Na década de 1960, morei quase um ano numa república, com mais vinte e dois companheiros. À época, trabalhávamos no Banco do Brasil, na cidade de Ceres, em Goiás. Éramos quarenta e um funcionários e apenas dois, da cidade.
Nós, os forasteiros, vivíamos espalhados pelos dois hotéis e pelas pensões existentes na cidade, até que alguém mais esperto alugou um casarão e foi sublocando vagas: conjunto de dois, de três e até de quatro lugares, dependendo do tamanho do quarto. O locatário estabeleceu regras rígidas para os integrantes da pequena comunidade, vivia de graça e, segundo as más línguas, ganhava mais dinheiro com o empreendimento do que no trabalho regular no banco.
A vida ali numa via que de avenida só tinha o nome, era muito difícil, mas significava economia grande, haja vista o preço das acomodações em hotel e pensão. E a convivência ali com pares tão díspares me ensinou coisas importantes. Aprendi, por exemplo, que para alguns democracia é um conjunto de leis a que os bobos e os mais fracos devem se submeter sem contestar.

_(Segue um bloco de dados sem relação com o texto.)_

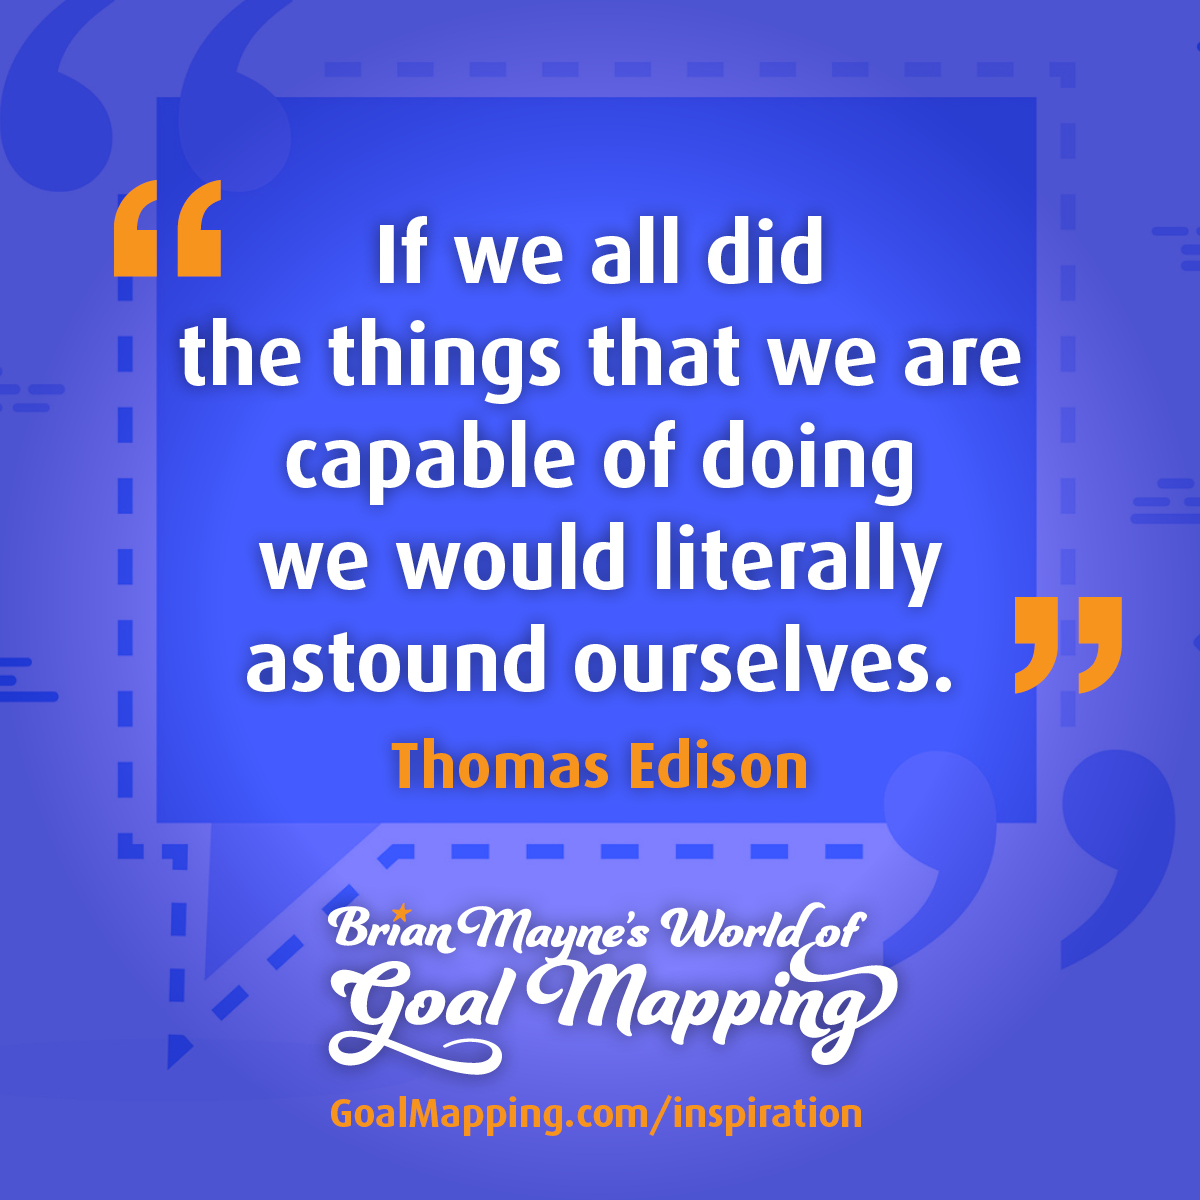 "If we all did the things that we are capable of doing we would literally astound ourselves." Thomas Edison
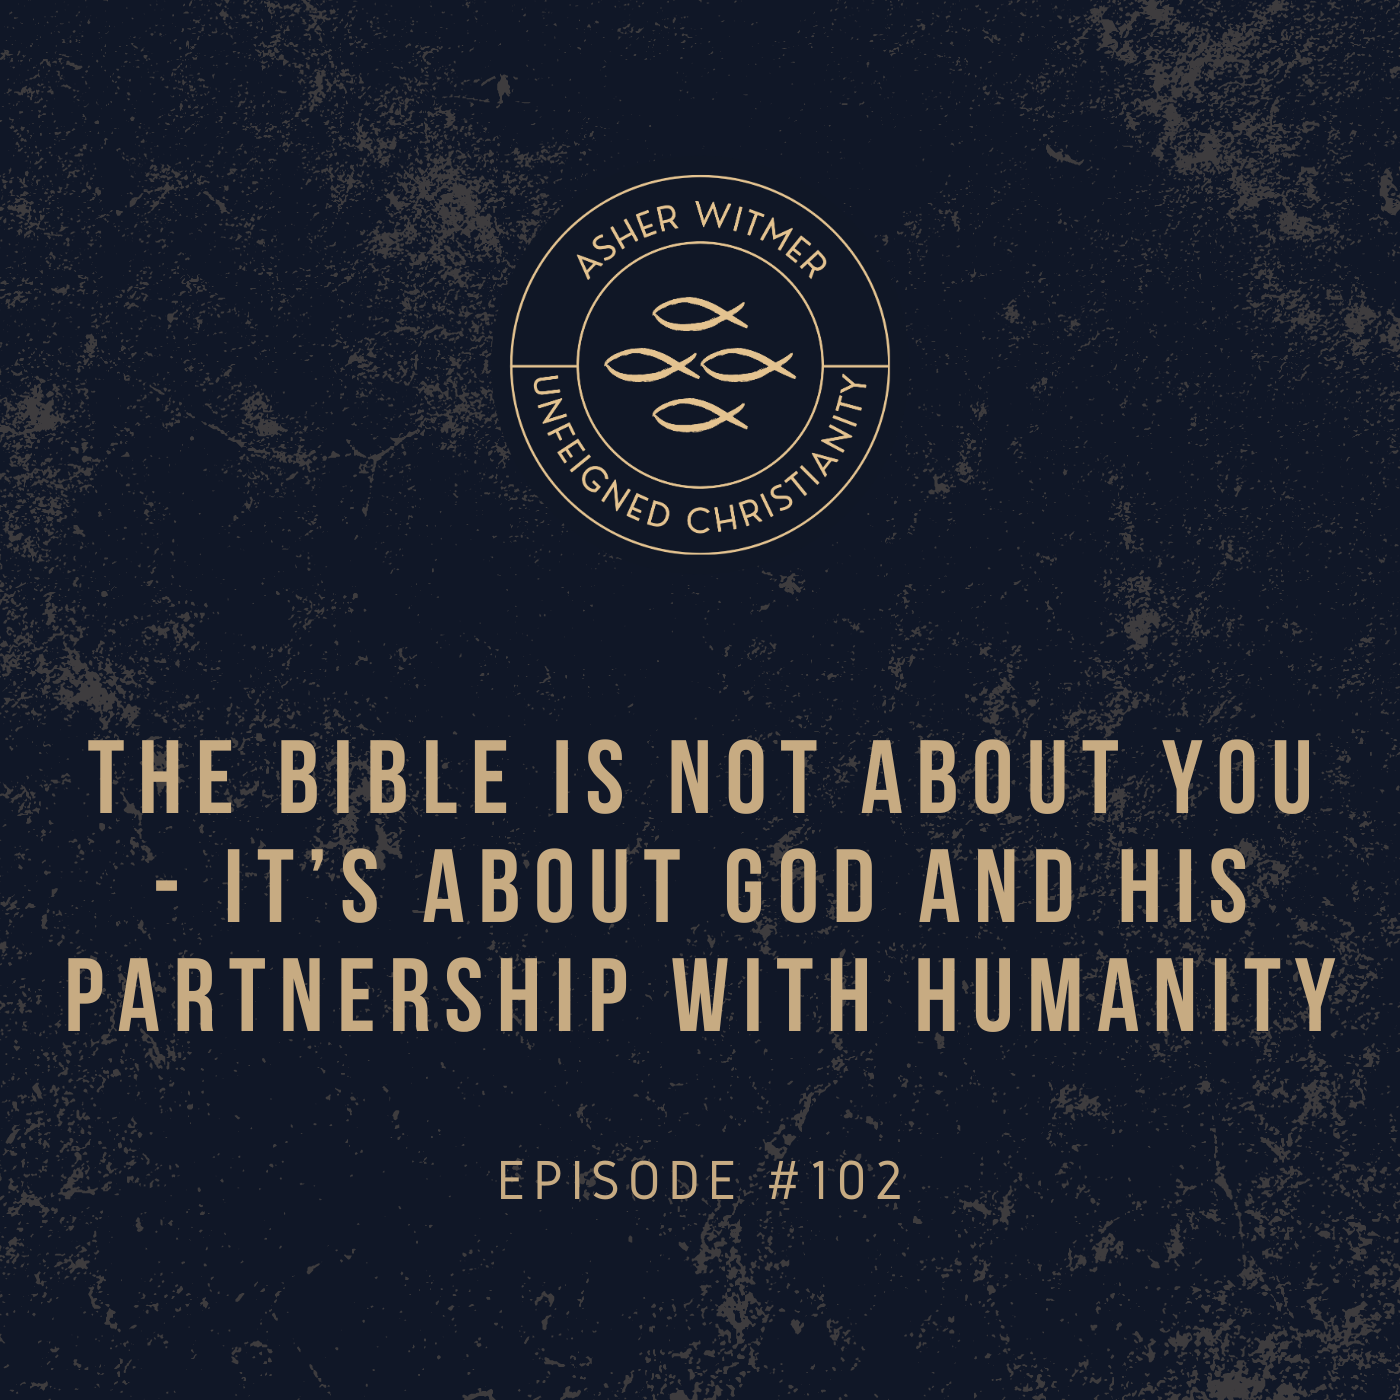 The Bible Is Not about You - It’s about God and His Partnership with Humanity

As leis eram muitas e diziam - visavam a uma salutar convivência interna e com a vizinhança. Com os confrontantes nunca houve muitos conflitos, pois, afinal, os vizinhos eram pessoas humildes, quase todas clientes do banco onde trabalhávamos. Internamente, porém, nunca os objetivos de uma convivência tranqüila foram alcançados, sobretudo nos finais de semana. A maioria dos colegas ia a bailes, chegava embriagada, acordava todo mundo, quebrava coisas, queria bater nos sonolentos sóbrios. O restante da madrugada estava perdido, já não se conseguia dormir.
Aquilo era uma loucura.
O colega de quarto me acalmava:
– Liga não, república é assim mesmo, todo mundo tem seus direitos... Democracia é assim mesmo...
Na república havia de tudo, talvez até algum equilibrado que não identifiquei. Alguns poucos liam muito. Eu li muito, emprestando livro em todos os quartos. Todos os gostos moravam ali. Li os romances de José de Alencar, li o Novo Testamento, li A Carne, li O Cortiço, li o primeiro volume de A Nova Floresta, li uns cinqüenta livros de sacanagem, ilustrados a bico de pena, afora revistas como Visão e Capricho que chegavam com semanas de atraso.
Li a Utopia, de Thomas Morus.
Esse livro plantou em mim o sonho da justiça social e a utopia do socialismo.
Um dia, muitos anos depois, saí gritando em esquinas e ruas, pregando em praças estradas antigas, porém novas para meu jovem coração visionário. Acreditei, jurei fidelidade, fiz púlpito do caixote vazio, da carroceria do caminhão alugado, gritei em microfones a certeza da chegada de um novo dia para quantos viviam à sombra e à margem.
Muitas pessoas ouviram a minha voz e algumas acreditaram.
Impossibilitada a minha voz de retornar às esquinas e às ruas, empunho a mesma caneta de sempre, vou dizendo ao mundo que continuo a acreditar na chegada da aurora.
Anima meu caminhar a crença de que, quando ela chegar, o sol aquecerá o pão e ele será repartido entre todos os homens.